This is the season of milestones. Labor Day marked the unofficial end of summer. Last week, I loaded my daughter onto the school bus for the start of first grade. And on Rosh HaShanah, the Jewish people will soon bid farewell to the current year and welcome, with eyes filled with hope and hearts filled with prayer, a brand new year.
For me, there was the opportunity to mark another milestone just last week as I completed my first year of Daf Yomi.
Daf Yomi, "a page a day," refers to the practice of reading exactly one page of Talmud every day. Due to the breadth and length of the Talmud, the process takes slightly more than seven years for one to complete the entire Talmud outright. Started by Rav Meir Shapiro in Poland in 1923, Daf Yomi brings together lovers of Talmud around the world, allowing all learners to study the same page, on the same day, regardless of geography or ideology. It is not unlike our reading the same Torah portion as other synagogues each Shabbat or our celebrating the same holidays as other congregations on the same day. Every seven years, a siyyum (large gathering), often at Madison Square Garden, celebrates the culmination of the Daf Yomi cycle.
I fell in love with Talmud at rabbinic school, when the great rabbi and professor Michael Chernick introduced me to the centuries-old corpus of stories and legal discussion. I took no less than half a dozen classes with him, wrote my thesis on the Talmud, and have taught more and more Talmud over these first 10 years of my own rabbinate. I am drawn to its complexity, its humor, its poetic nature. I am drawn to the both familiar and highly different lives our ancestors lived in Babylonia, the distant diaspora backdrop where so much of the Talmud is set.

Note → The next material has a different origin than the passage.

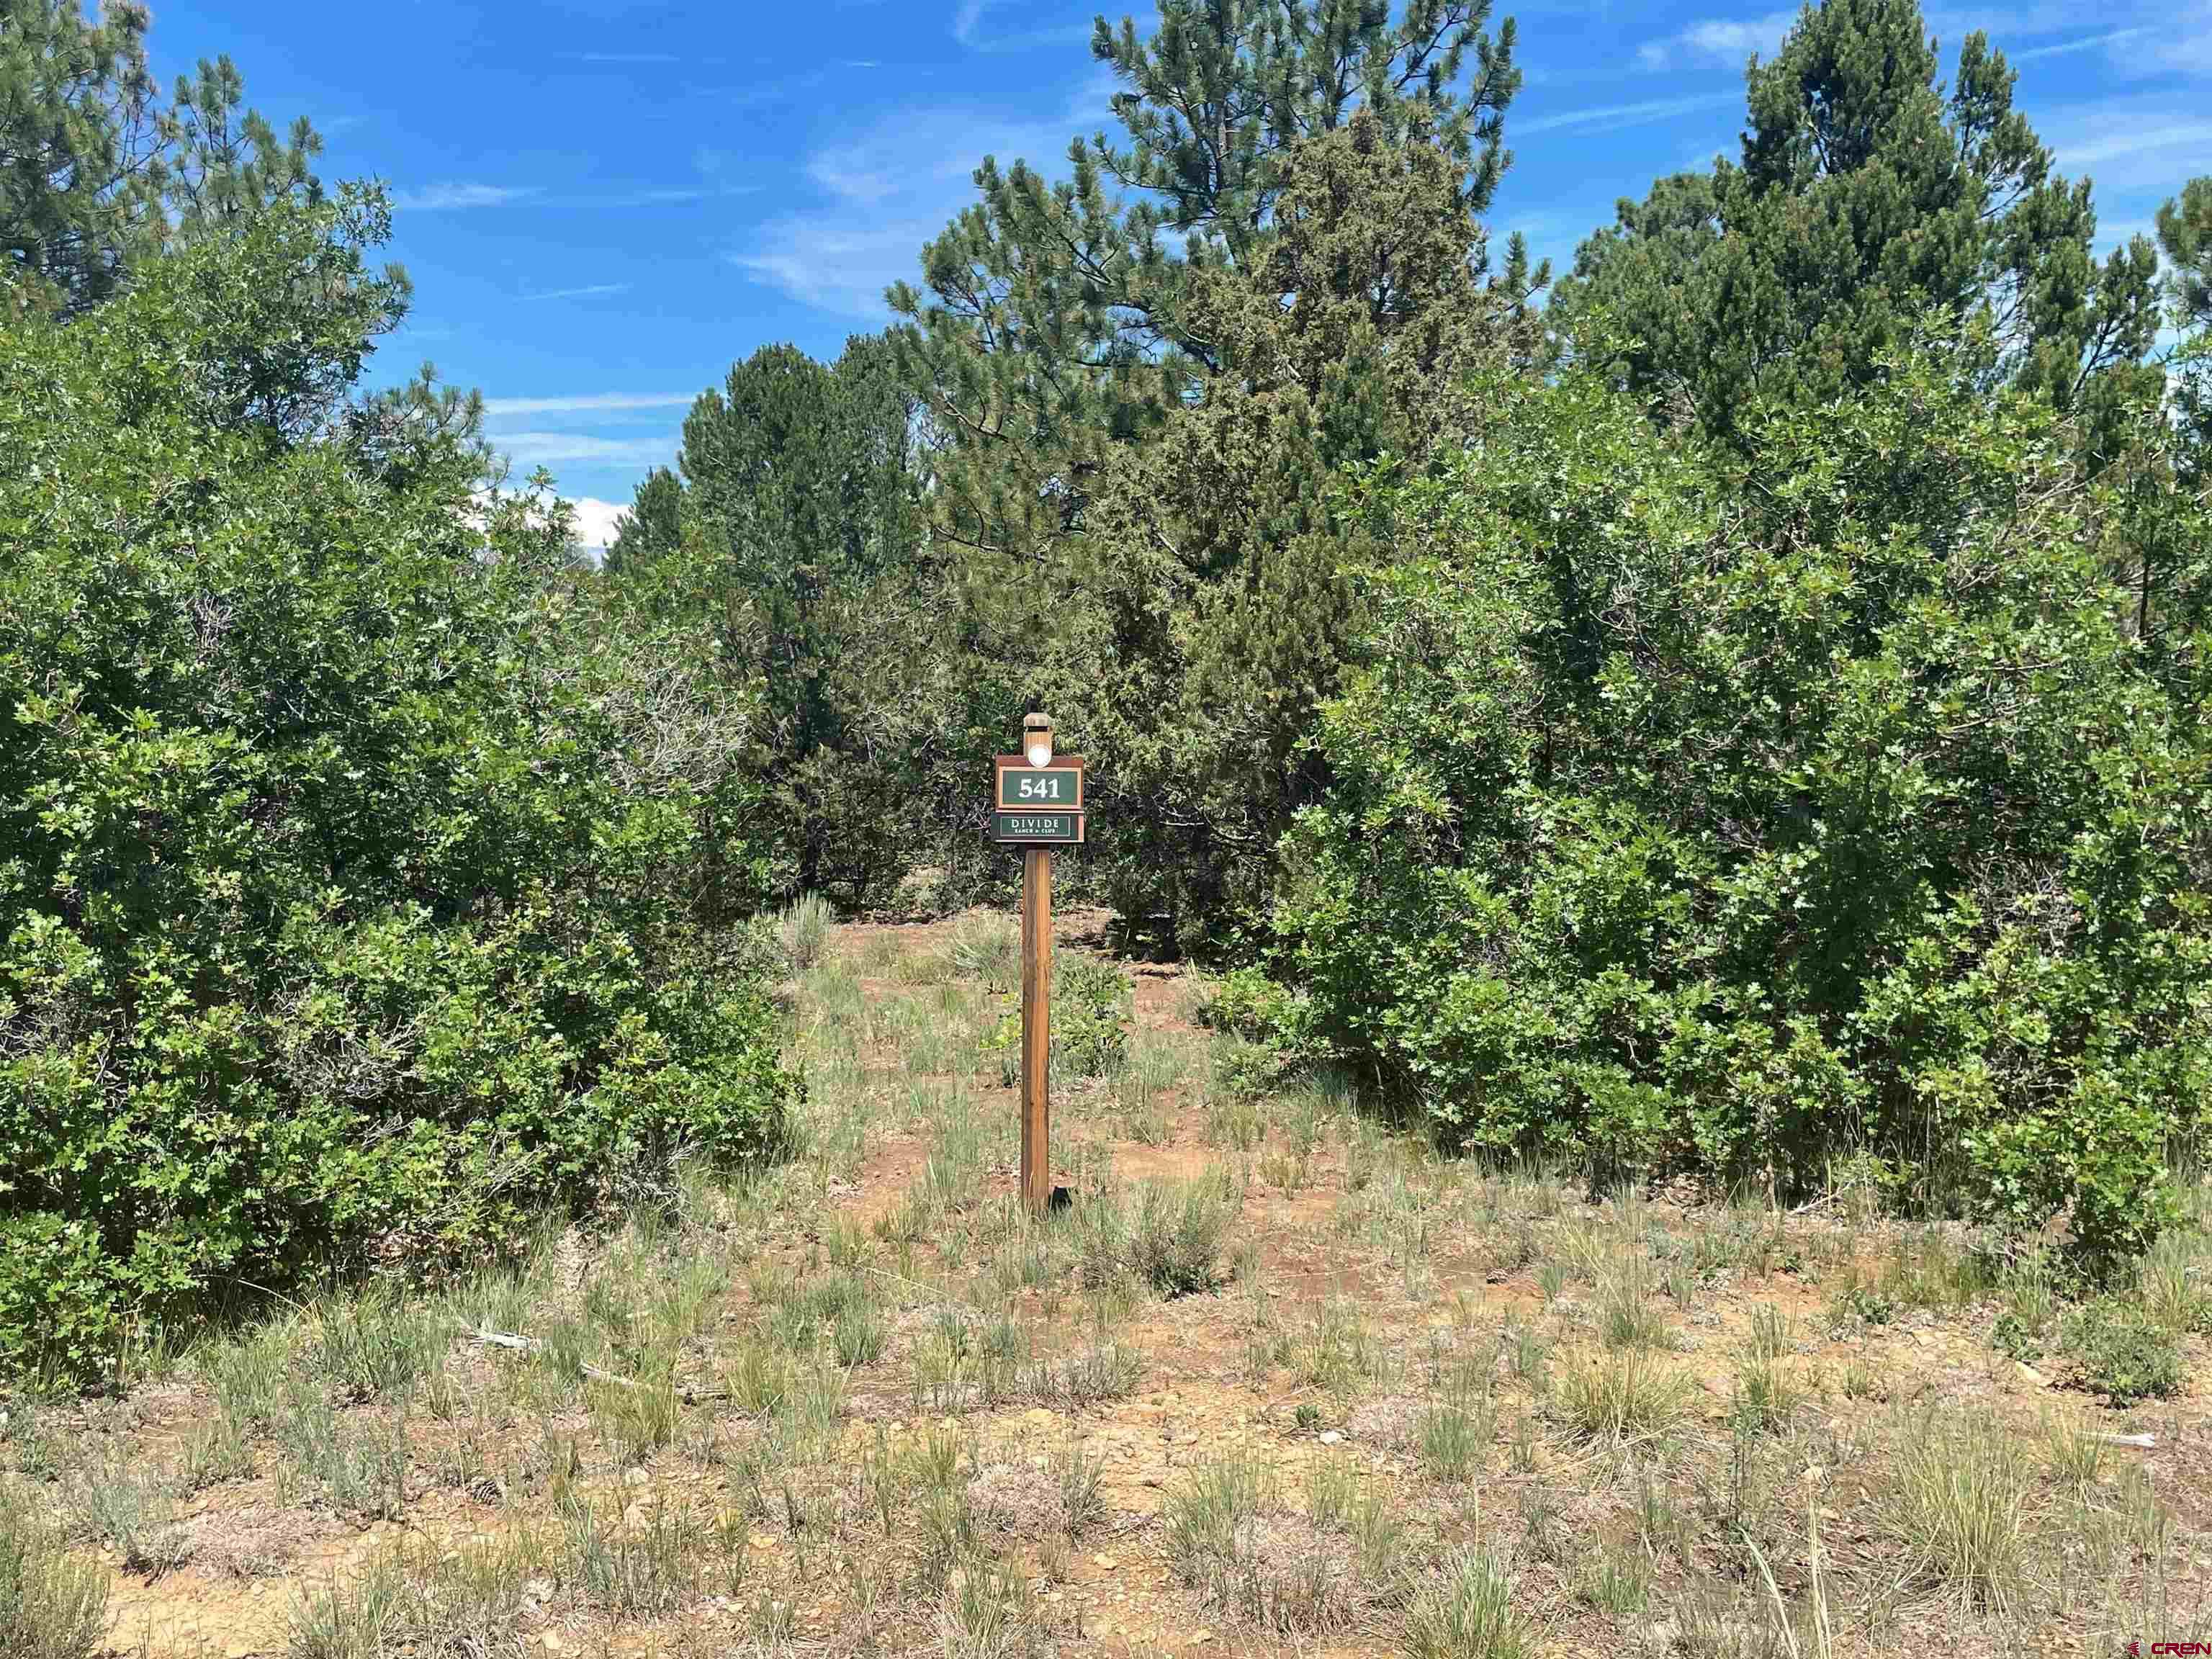 Tbd (lot 541) N Badger Trail Property Photo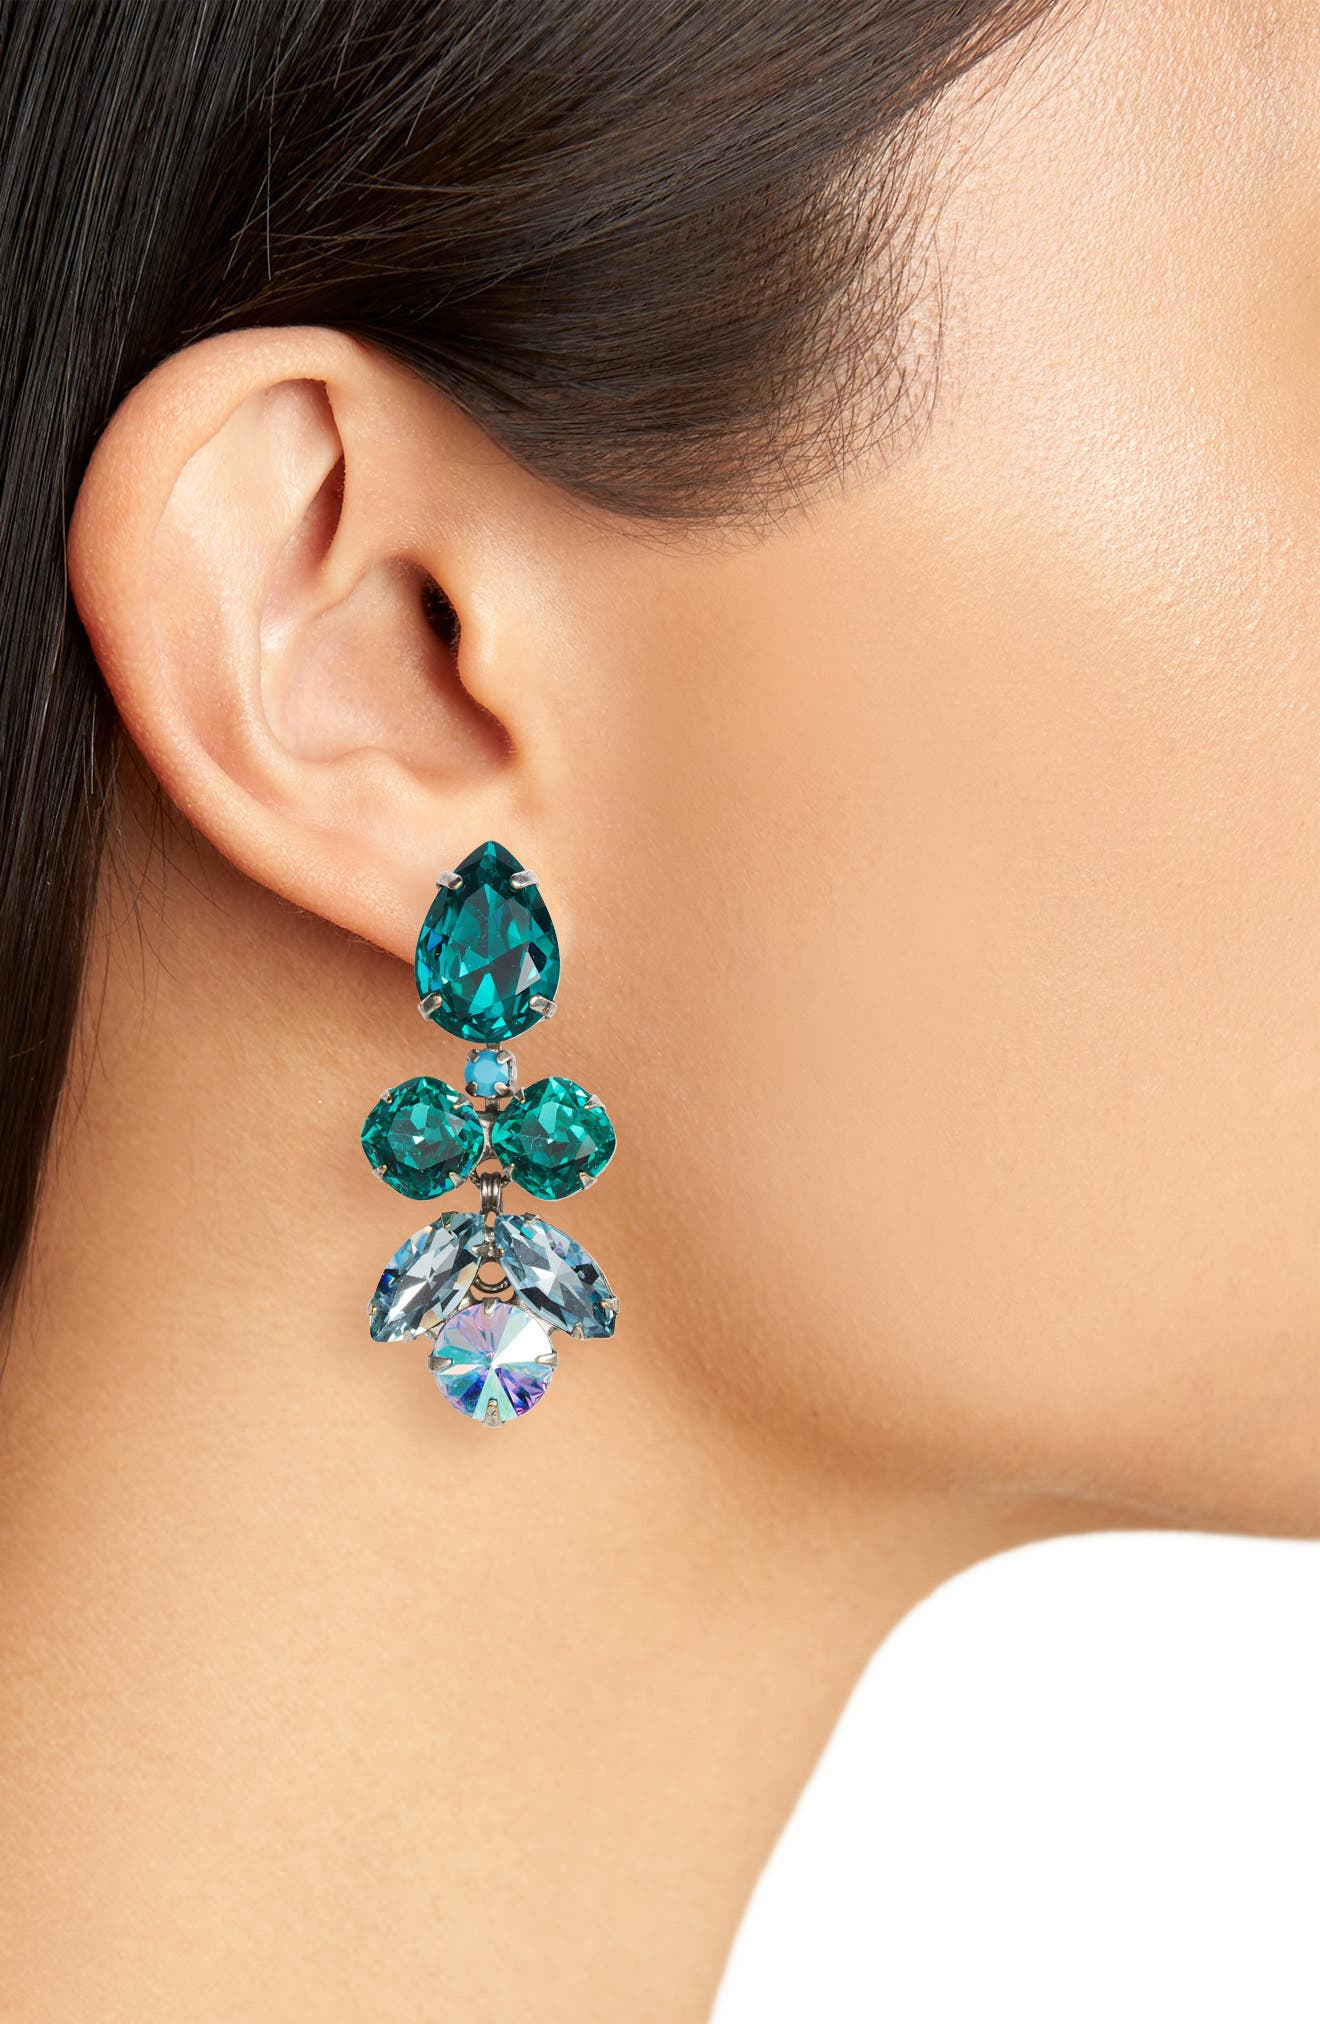 Lotus Flower Crystal Drop Earrings,                             Alternate thumbnail 2, color,                             Blue-Green

Why would a Reform Jew so love Talmud? Why would a Reform Jew want to study it every day? Good questions – Talmudic questions, in fact. The Talmud, to me, is the quintessential Reform document. In ways that are both overt and less obvious, it recounts the many ways that Judaism changed and evolved in the centuries following the destruction of the Second Temple. It also reminds us that we can disagree with one another without becoming enemies of one another, a lesson the world very much needs these days. The Talmud shows us that there are multiple pathways to God and Torah.
Daf Yomi also confirms for me what the rabbis already knew to be true: that study can indeed be quite like prayer. When I close the door and open the Talmud, something always happens. I experience a change. My mood changes. My day changes. The study is itself meditative, calming, and rejuvenating. Those age-old pages consistently grant me perspective and guidance, very much like prayer.
My study partner is Rabbi Michael Holzman, a wonderful rabbi in Virginia. We compare notes, often via email, and trudge through one page after another. It's a long, long journey and one year in, the end cannot even be imagined yet.
To read the Talmud every single day is more challenging than one would think. I learned that, too, this year. I read a page on Yom Kippur. I read a page on each of my kids' birthdays. I read a page on the busiest days. I read a page on vacation, on snow days, before services, after services, every day I spent on faculty at URJ Camp Harlam, on flights, in Israel, between lifecycle events, on my wedding anniversary, early in the morning, late at night. I read (past) and I read (present), and over the next six years, I will continue to do so.
If you are looking for a resolution this Jewish new year, something that will challenge you and change you, try picking up a tractate of Talmud. You can thank me later, in roughly seven years.